IN NDIAGANIAO, a remote village in Senegal’s agricultural region, men from around the country flock to congratulate the father of president-elect Bassirou Diomaye Faye.
Speaking from the hallway of the pastel-coloured family home and dressed in a silk blue boubou, 84-year-old Samba Faye says he is “happy and proud” of his son.
“He came to see me before the election, crouched at my feet and asked that I pray for this success,” Faye said as men come up to greet him while others hand him buzzing telephones.
“We could never have imagined that he would one day become president of the republic even though we prayed that he would go as far as possible in his career,” added Faye.
“Bassirou has always been a serious and ambitious boy.”
Just 10 days after he was freed from prison, the anti-establishment candidate Diomaye — who comes from an educated but modest family background — won the presidential election in the first round, gaining 54.28 percent of the vote.
The 44-year-old, who has said he wants a “break” with the current political system, is set to become the youngest president in Senegal’s history.
“I asked him to do everything to satisfy the Senegalese people” who “have high hopes” of him, Faye, who worked in the agricultural sector training farmers how to use new equipment, told AFP.
“I told him that a great responsibility now rests on his shoulders.”
Outside the house, little girls play barefoot in the dusty allies in front of buildings from another age where old wooden doors and others made of rusty metal still stand.
Across Ndiaganiao, where Diomaye won 80 percent of the vote, walls and dilapidated buildings have his name and that of his mentor Ousmane Sonko written in white paint.

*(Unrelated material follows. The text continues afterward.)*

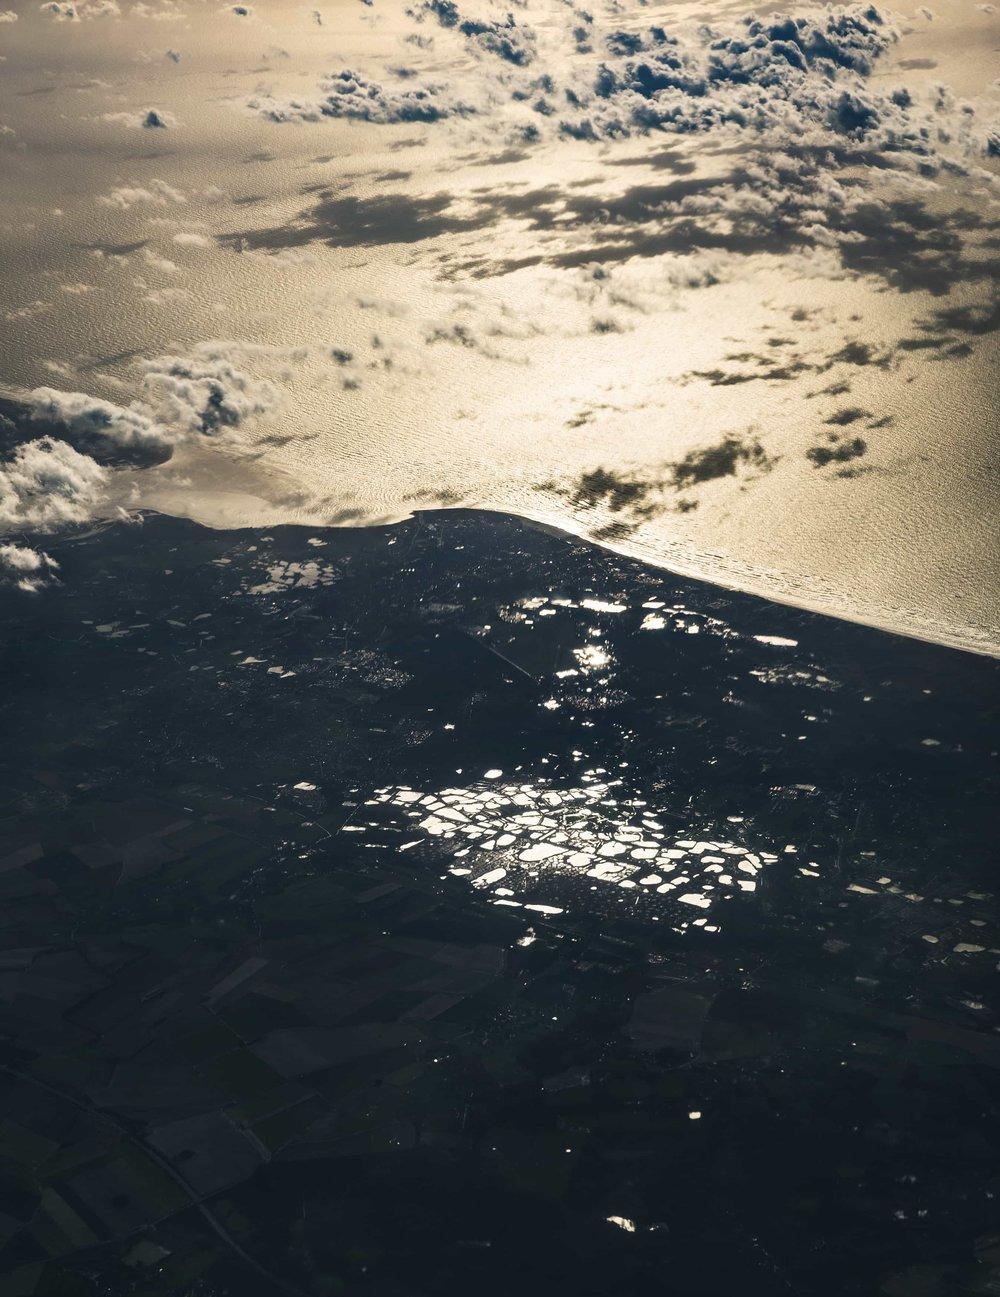 aerial_landscape_photography_fabio_burrelli_photographer_5.jpg

The uncle of the new president and his namesake Diomaye Faye said that running as leader wasn’t his nephew’s intention.
“It wasn’t actually his goal. He never really intended to get involved in politics but his friend Ousmane Sonko… drew him into politics,” said his uncle, a political science professor in the United States who said he spent two years with pan-Africanist leader Thomas Sankara from 1985 to 1987.
“The main advice we can give him is… remaining himself, being humble and keeping his ability to listen,” the uncle added.